* [ABOUT THIS TASK]
An exact repetition of the data is required; no picture should appear in it.

* [RECORDED DATA]
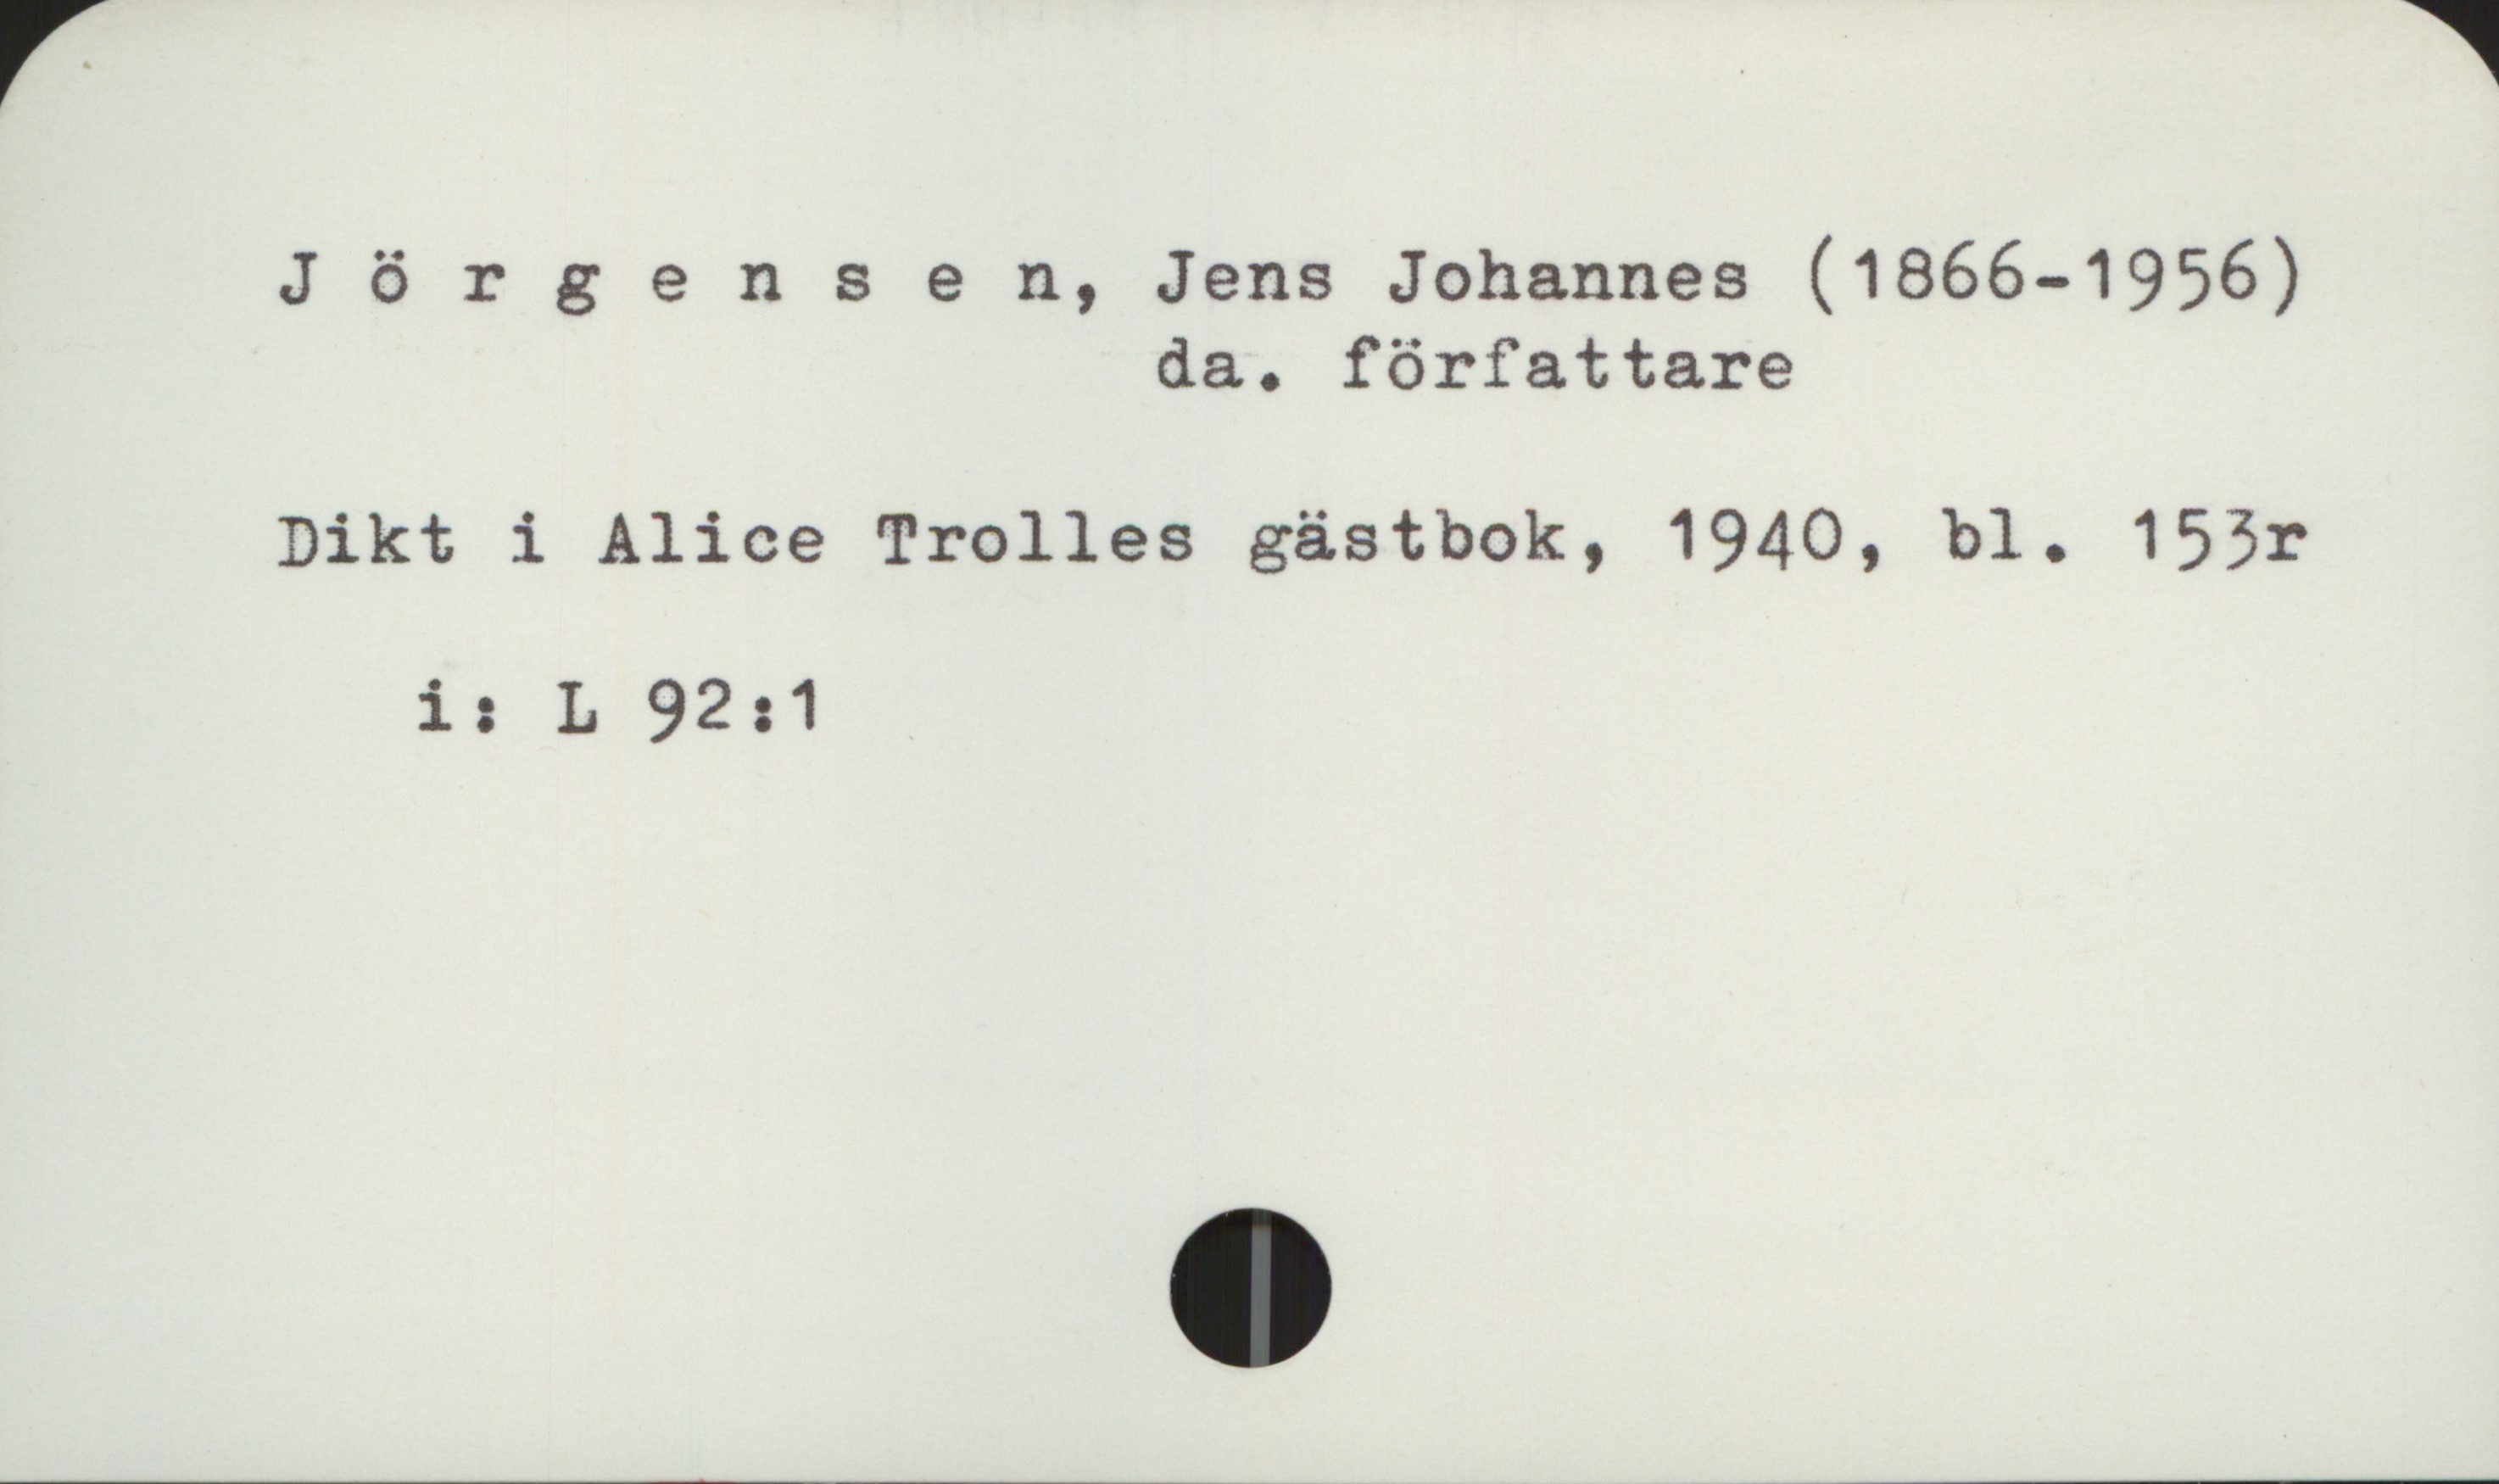 Jørgensen, Johannes (1866-1956) Jörgensen, Jens Johannes (1866-1956)
                      da. författare

Dikt i Alice Trolles gästbok, 1940, bl. 153r
      i:  L 92:1

* [RESPONSE TO THIS EXERCISE]
 Jørgensen, Johannes (1866-1956) Jörgensen, Jens Johannes (1866-1956)
                      da. författare

Dikt i Alice Trolles gästbok, 1940, bl. 153r
      i:  L 92:1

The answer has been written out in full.